Question

我一直在尝试为Xcode中的自定义字符串类型创建自定义数据格式化程序。以下代码获取字符串中第一个字符的地址：

def MyStringSummary(valobj, internal_dict):
    data_pointer = valobj.GetChildMemberWithName('AllocatorInstance').GetChildMemberWithName('Data')
    print data_pointer.GetValue()

打印出指针地址。当我查看该地址的内容时，我可以看到用于存储该数据的宽字符，所以我想我要做的是将此指针转换为wchar_t，然后我得到了第一个字符。我的第一个方法之一是：

if data_pointer.TypeIsPointerType():
    mychar = data_pointer.Dereference()
    print mychar.GetValue()
else:
    print "data_pointer is not a pointer!"

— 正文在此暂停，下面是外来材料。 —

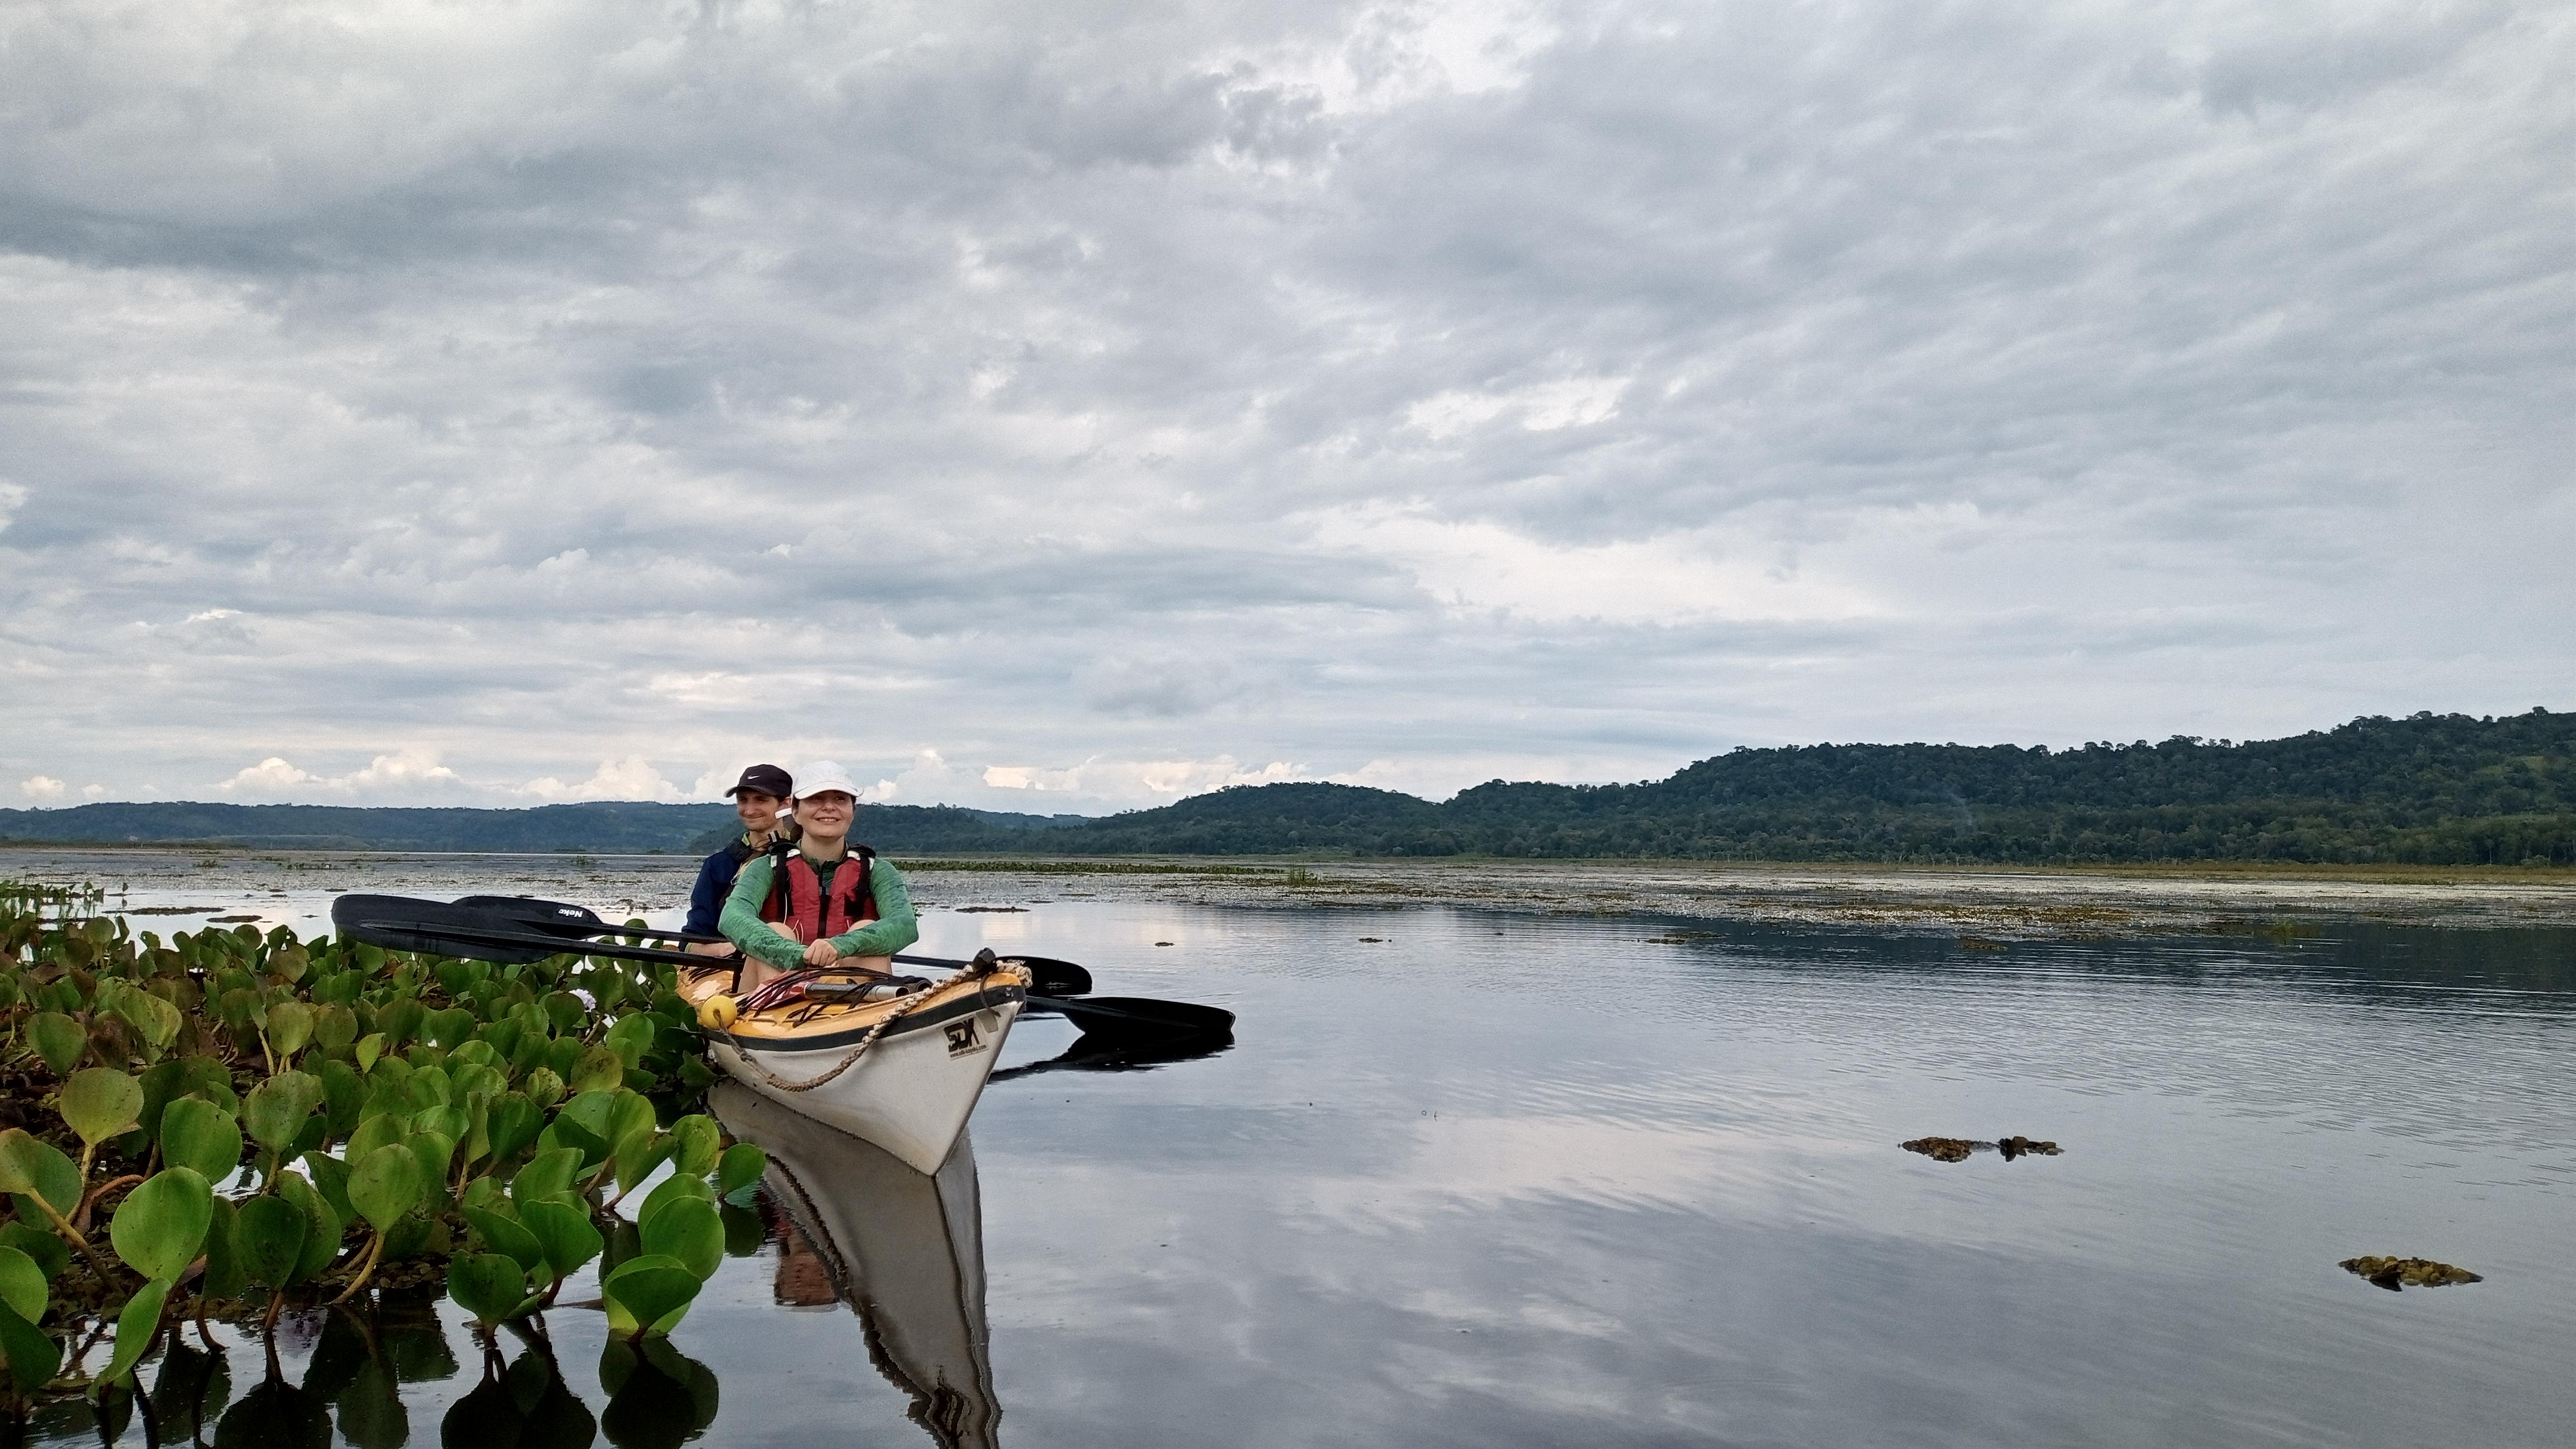 En Kayak por el río Yabebirí, San Ignacio, Misiones, Argentina.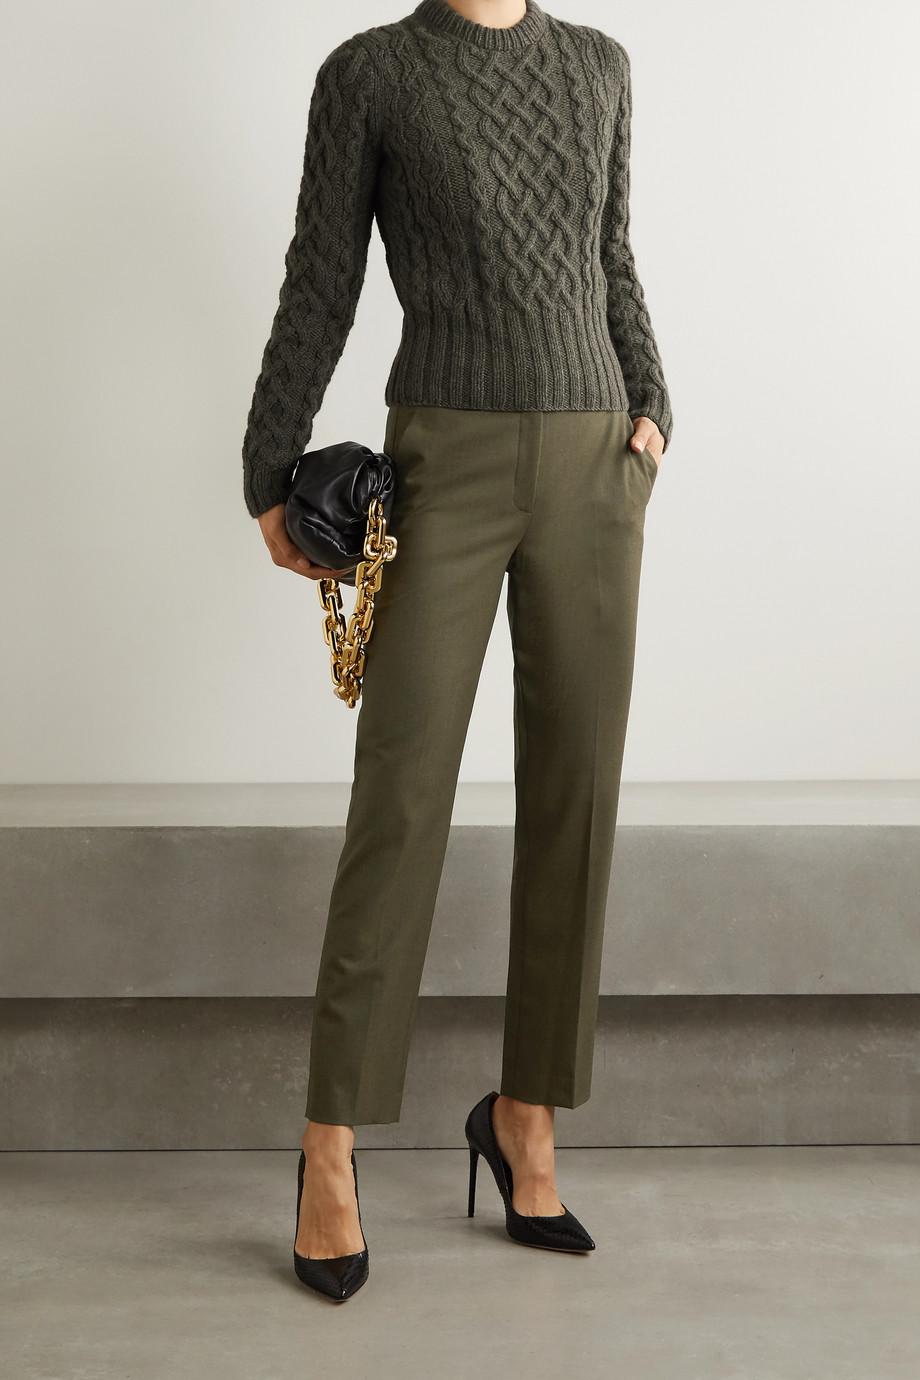 Michael Kors Collection Samantha Hose mit schmalem Bein aus einer Wollmischung

这确认data_pointer 是指针，但Dereference()调用似乎无法解决任何问题：mychar.GetValue()只返回None。另一个问题 - 我是否能够通过一个循环并每次将data_pointer的地址增加一个固定的数量并保持解除引用并找到下一个字符，然后将其添加到输出字符串中？如果是这样，我该怎么做？

编辑：

为了帮助澄清问题，我将发布一些有关字符串的基础数据结构的信息。这个定义太长了，不能在这里发布（它也继承了它从泛型数组基类中所做的大部分工作），但我会给出更多细节。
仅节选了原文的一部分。